Ms. Celestalis got up from her chair and led the way to the spiral staircase in the center of the room. She unlocked the barrier to the lower level and climbed down the stairs. I followed.

She led the way to another large chamber. This one was also surrounded by screens. These screens were monitoring a variety of biological functions.

It was not the screens that dominated the room this time however. It was the rows of heads each floating in a preservation jar near the center of the room.

"Tsk, the boys didn't clean up well," she remarked.

Ms. Celestalis munched on her snack and looked over the heads. She pointed at the head of Adelei Niska as if we were examining celebrity photographs.

"These heads..." I began. The bile rising in my throat.

"Cloned heads, not harvested," she replied.

I shook my head, trying to take it all in.
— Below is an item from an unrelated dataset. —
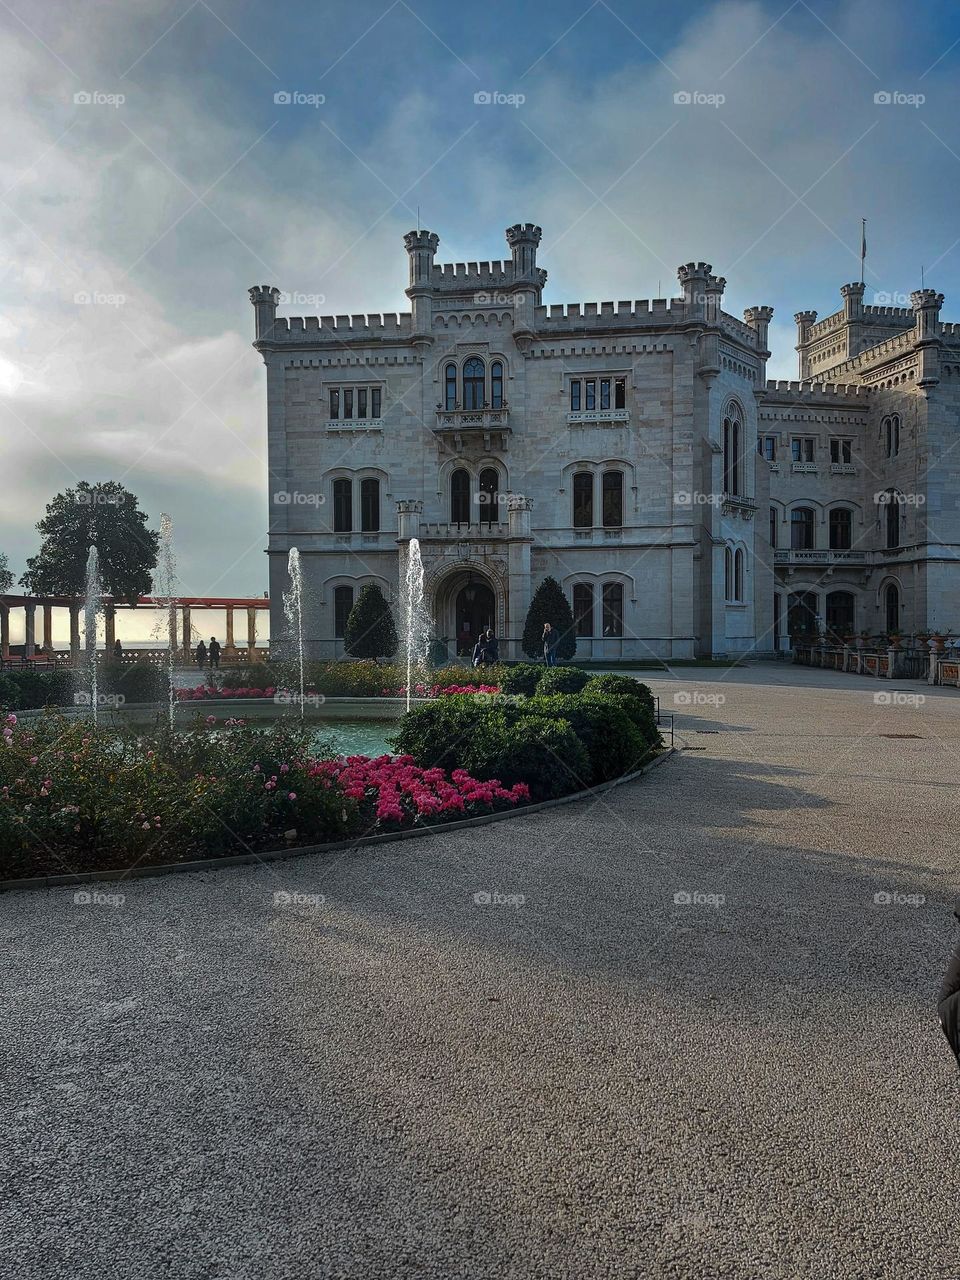 Miramare castle, Italy. <3

It was too hideous to register all at once.

"Cloned from the 'samples' you took from the people of Blackburne..."

"Some of them," she admitted.

"People you delivered to the Angels of Mercy..."

"There is a lucrative market in cloned replacement organs," she commented.

"If they are indeed cloned..." I felt the anger rise.

"The best ones are grown inside of expectant mothers," she remarked. "Hardly matters, it is all horrid."

I fought back feelings of rage and revulsion.

If I snapped her neck, I may never find the black heart at the center of this corruption. This thought was the only thing keeping me from taking the law into my own hands.

"And who in the Alliance was your contact for the operation?" I asked. I kept my voice steady.

"The Alliance was closing the door on their Wastelander experiments and the advanced orders wanted their product. You would have to ask the Angels of Mercy. We don't do retail."

"That facility was destroyed," I said.

"Then all you have remaining is an internal affairs investigation? Is that above your paygrade?"

"Duties as assigned," I answered. She didn't need my job description.

I was done here.

"I will be in touch," I said, "Thank you for your hospitality."

"A pleasure. Would you care for some Soylent Snaps for your trip back?"

I chuckled and turned to go.

"We get a special professional discount from them," she added.

I'll bet.

"Thanks," I replied, "but I'm trying to cut down."